[How To] Establish a Point-to-Site VPN connection between Azure and a client

Login to the Microsoft Azure Preview Portal
1. https://portal.azure.com/
Create a VNET
1. Click on the + New button
2. Select Networking, Virtual Network
3. Type in a Name for your VNET
4. Select Address Space, configure the parameters of your cloud based virtual network, and click OK
5. Select Resource Group, Create a new resource group, enter a name for the group and click OK
6. Click Location and select the location closest to you
7. Click Create
With the Virtual Network blade still open, select VPN connections
On the New VPN Connection blade, select Point-to-site, in the Address Spaces prompts, enter in each of your subnets, ensure Create gateway immediately is checked and then click on Subnet, size and routing type
Select Subnet on the Gateway configuration blade
Enter in a new subnet that will be used for clients connecting through the VPN tunnel and then click OK
Click OK on the Gateway configuration blade
Click OK on the New VPN Connection blade
If you refresh the Azure portal, you should now see on the VPN connections section that it is trying to create the gateway. Based on my experience, this process can take awhile to setup (10-15 minutes), so this is something you will want to provision and then get up and grab a cup of coffee
1. In the process of provisioning
2. Provisioned gateway
Generate and upload certificates
1. Generate a self-signed SSL certificate via command prompt
  1. You can use whatever utility you are most comfortable with; I’d recommend using makecert if you have Visual Studio installed (can be found here:C:\Program Files (x86)\Microsoft SDKs\Windows\v7.1A\Bin\x64). If you don’t have Visual Studio, you can use openSSL
  2. Using Visual Studio’s command prompt
    1. Execute the following command to generate a root certificate
      1. makecert -sky exchange -r -n “CN=AzureVLANRootCertificate” -pe -a sha1 -len 2048 -ss My “AzureVLANRootCertificate.cer”

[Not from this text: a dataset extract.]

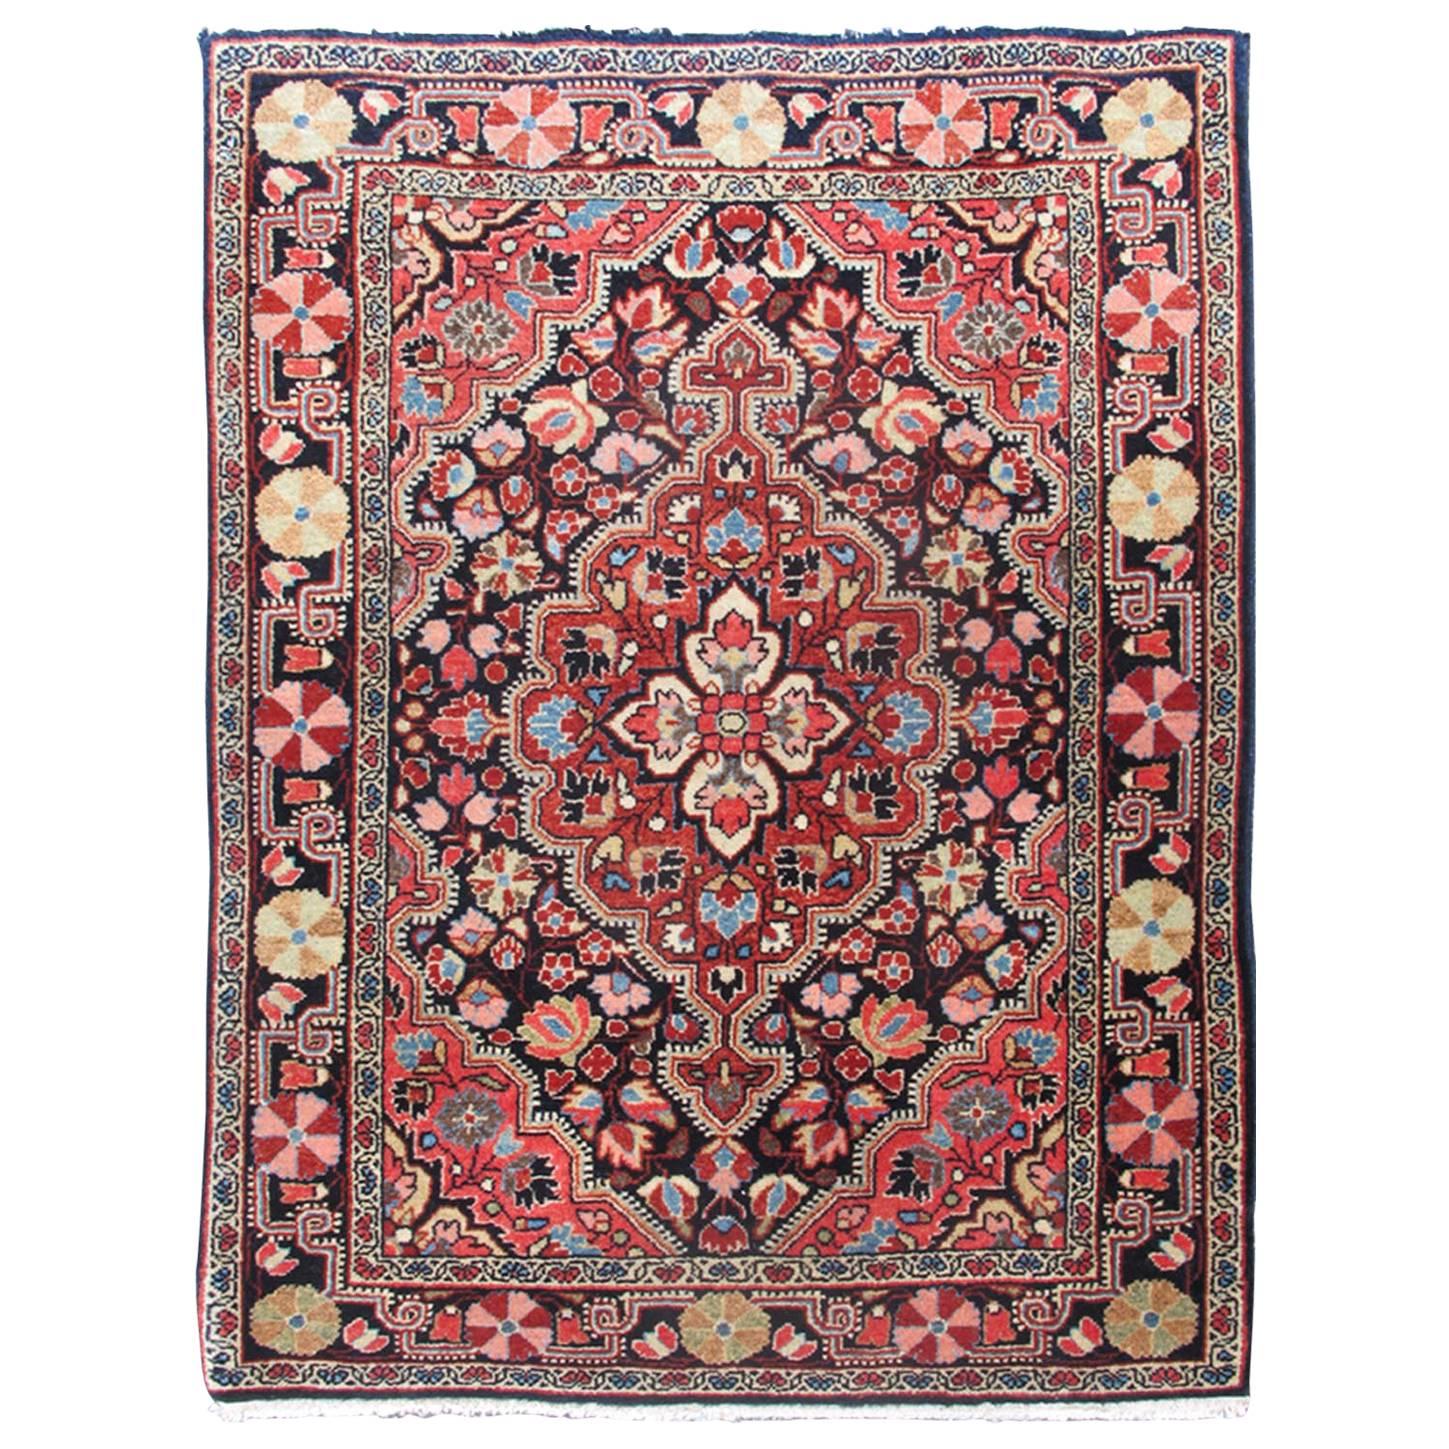 Antique Persian Sarouk Farahan Carpet with Intricate and Colorful Floral Motifs For Sale
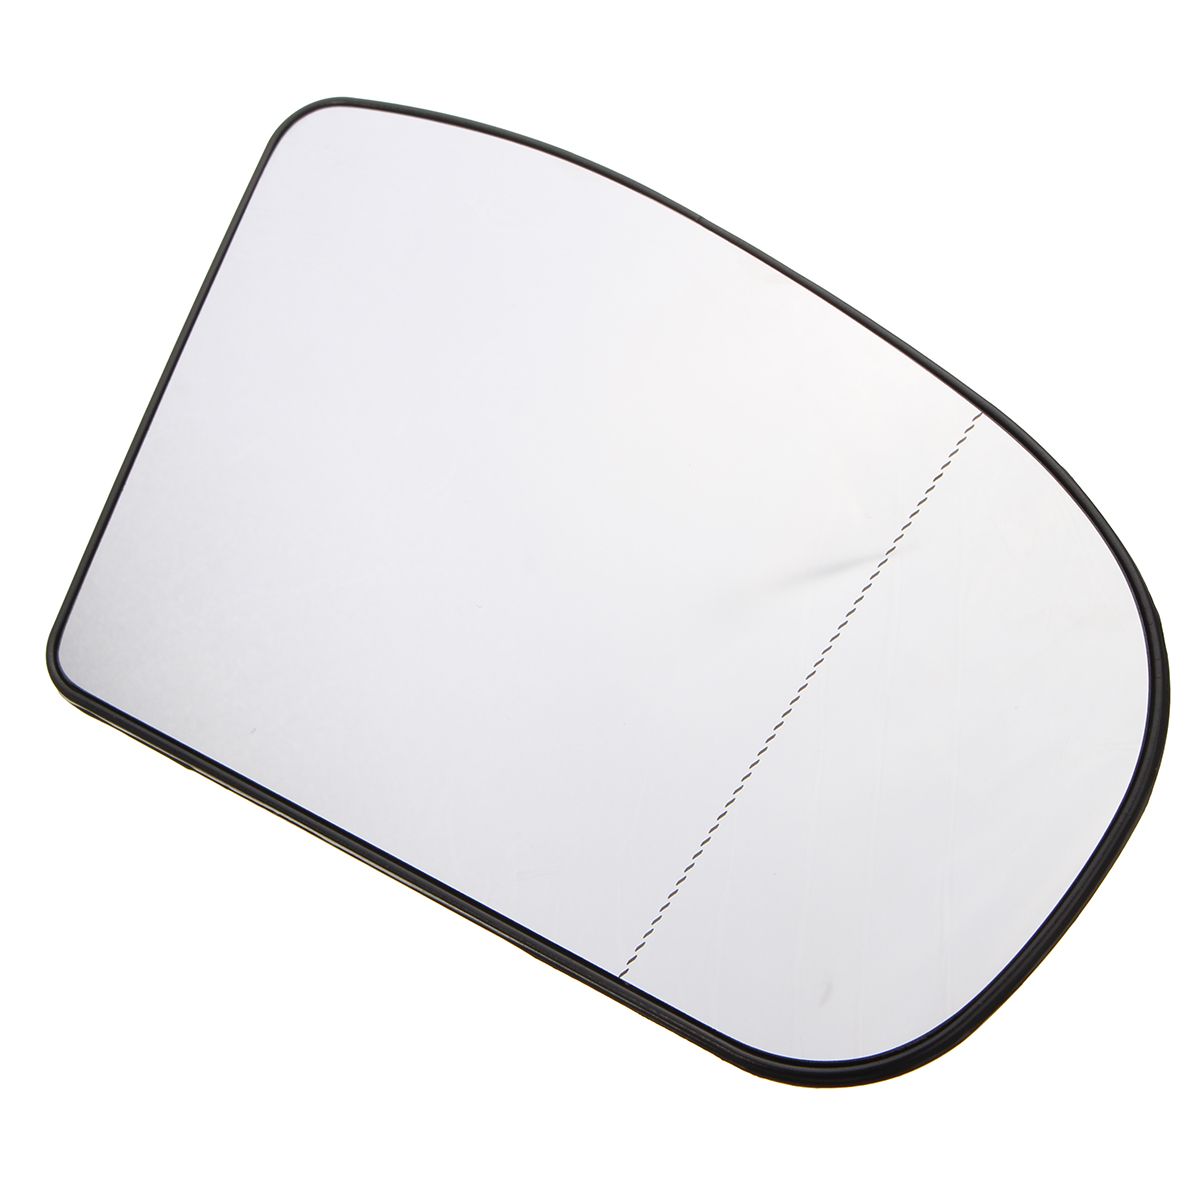 Right-Wing-Car-Mirror-Glass-For-Benz-C-Class-W203-2000-2007-Saloon-1384702

    2. Execute the following command to generate a client certificate
      1. makecert.exe -n “CN=AzureVLANClientCertificate” -pe -sky exchange -m 96 -ss My -in “AzureVLANRootCertificate” -is my -a sha1
    3. Notes: The root certificate and client certificate can have whatever name you wish, just ensure that in the client certificate, the root certificate’s name matches the root certificate you just generated
Upload your root certificate
1. On the Virtual Network blade, click on VPN Connections
2. Click on Point-to-site
3. Click on Manage Certificate
4. Click on Upload
5. Select your certificate and click OK
Establish a connection
1. Go back to the Point-to-site connection blade and select the VPN Client for your supported OS
2. Save and Run the VPN installer
3. Install the VPN Client by clicking on Yes
4. Connect to Azure via the VPN connection
5. Click Connect on the VPN dialog
6. Click Continue to temporarily add routes to Azure while the VPN connection is established
Verify you are connected via the Point-to-site connections blade

At this point, this specific client that is connected to Azure should have access to all internal devices on the Server’s subnet we created in step 2-4!